● Task statement: Could you transcribe exactly the lines below, from the line with "x 59.4cm, 2016" through the line with "Random sluts from online collection 9", and nothing else, leaving out the pictures?

● Data shown:
■ ■ ■ ■

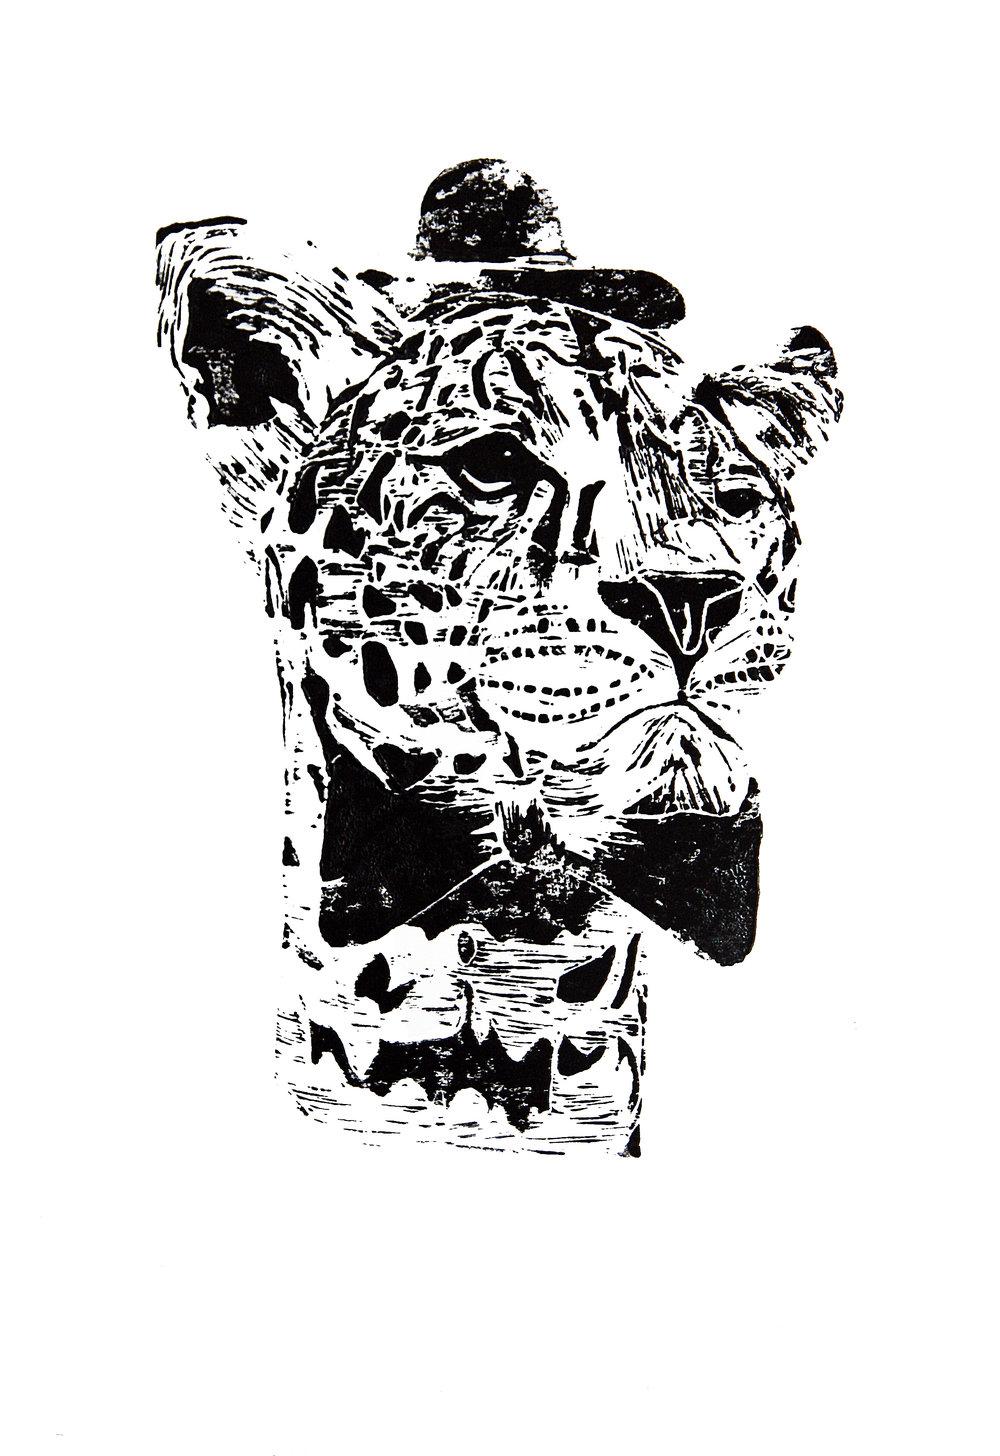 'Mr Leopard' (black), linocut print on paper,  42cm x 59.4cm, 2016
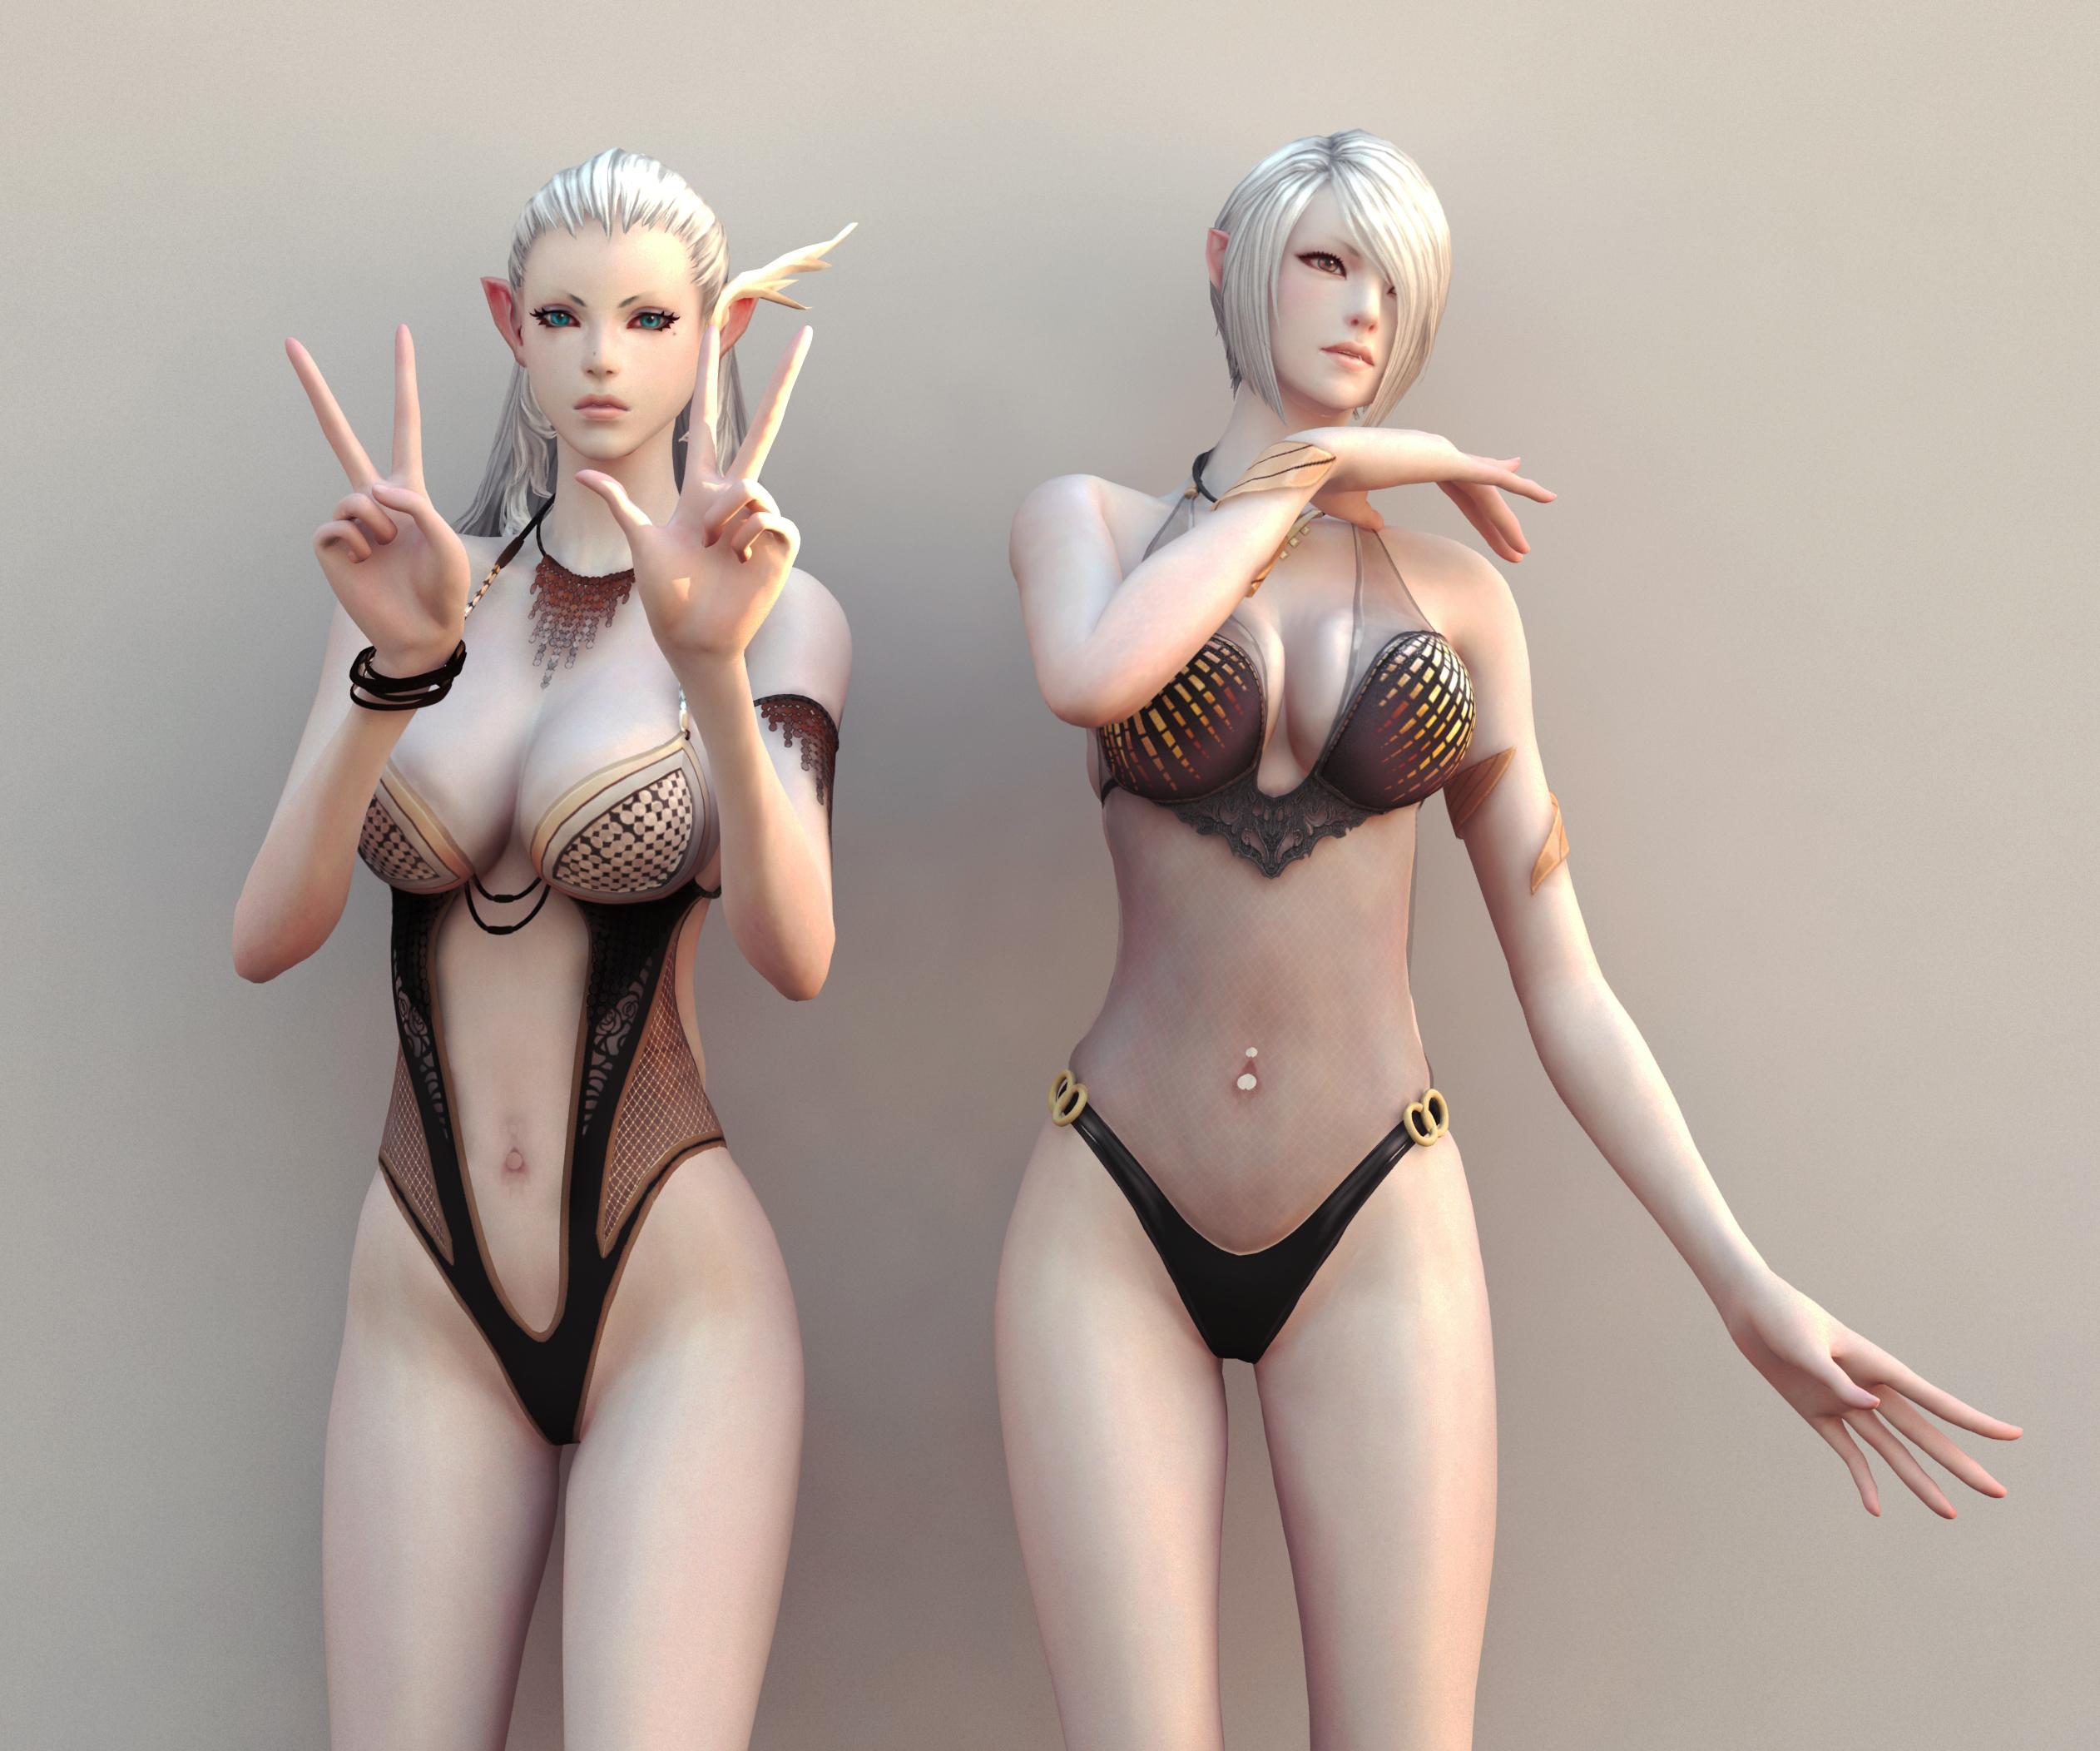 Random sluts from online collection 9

■ ■ ■ ■

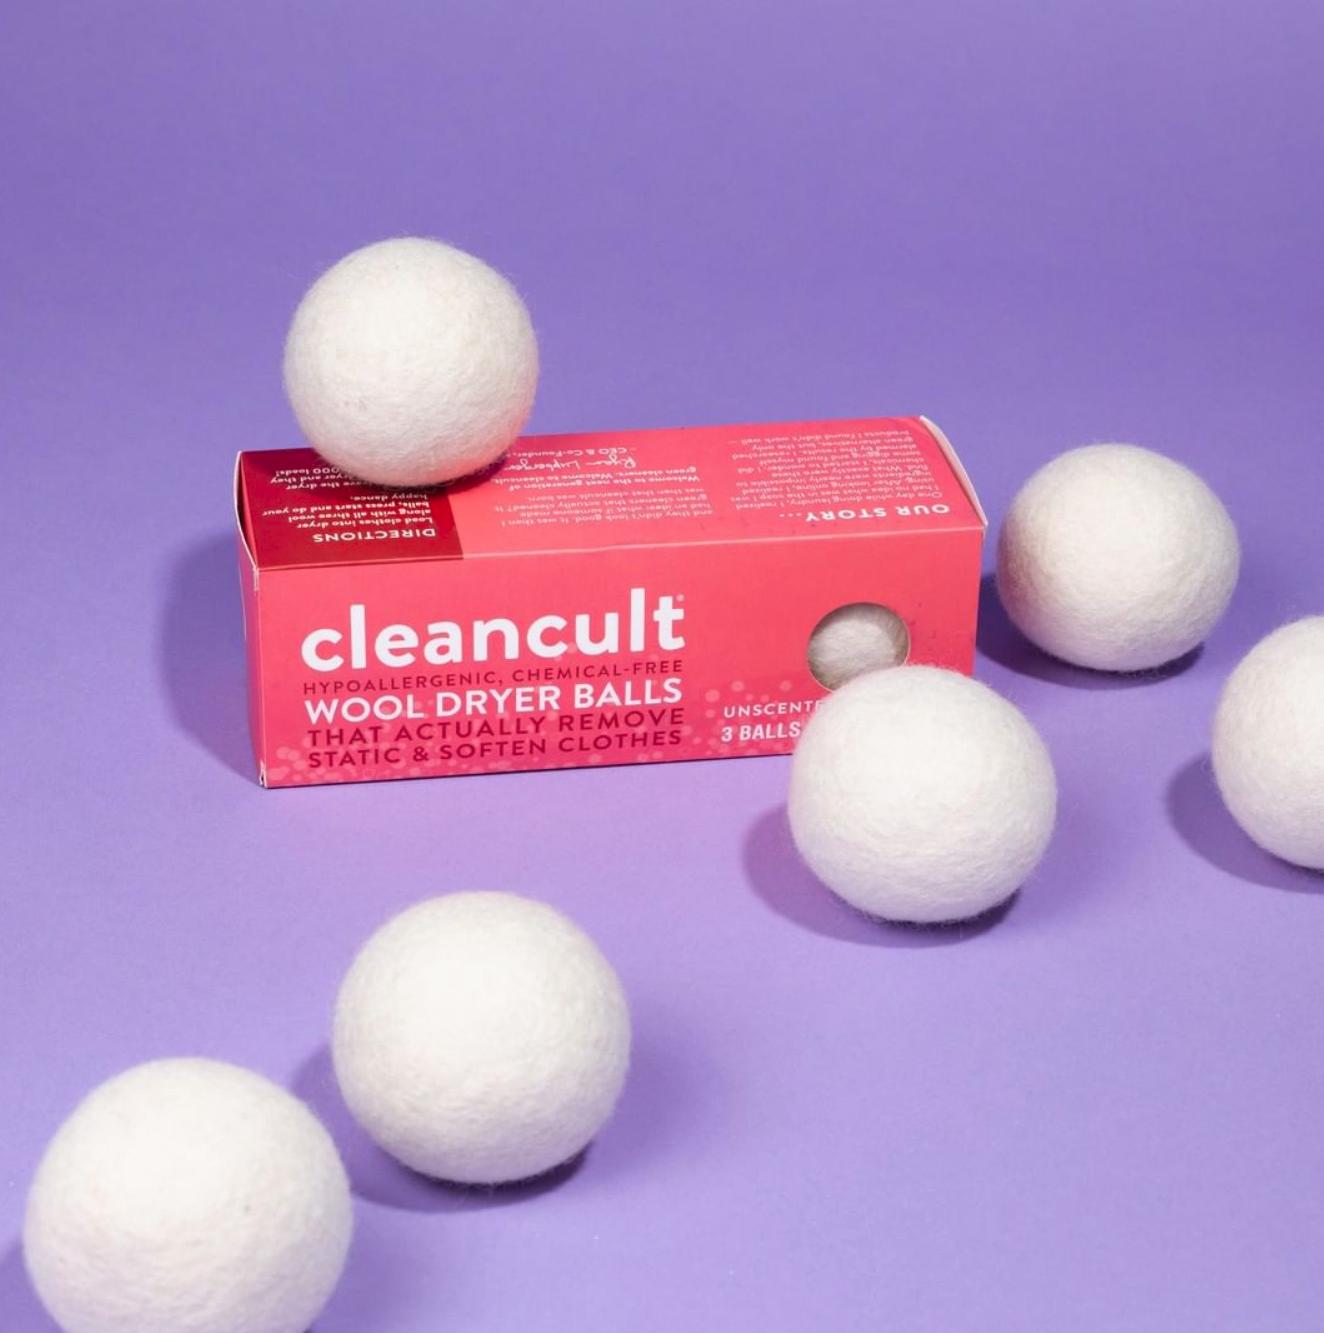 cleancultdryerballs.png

■ ■ ■ ■

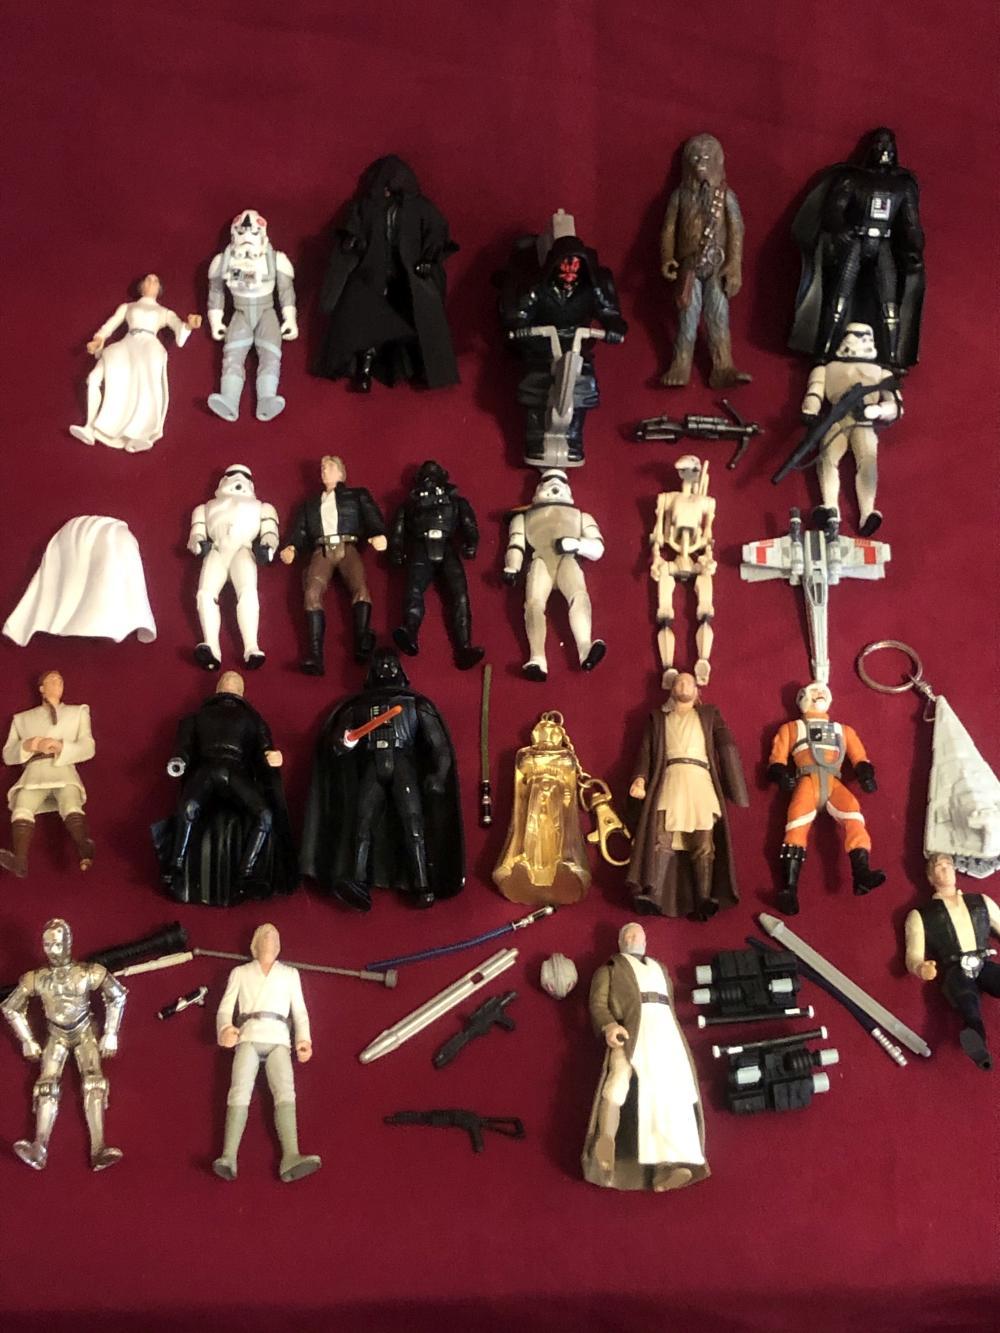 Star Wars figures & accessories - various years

■ ■ ■ ■

● Result for this task:
 'Mr Leopard' (black), linocut print on paper,  42cm x 59.4cm, 2016
 Random sluts from online collection 9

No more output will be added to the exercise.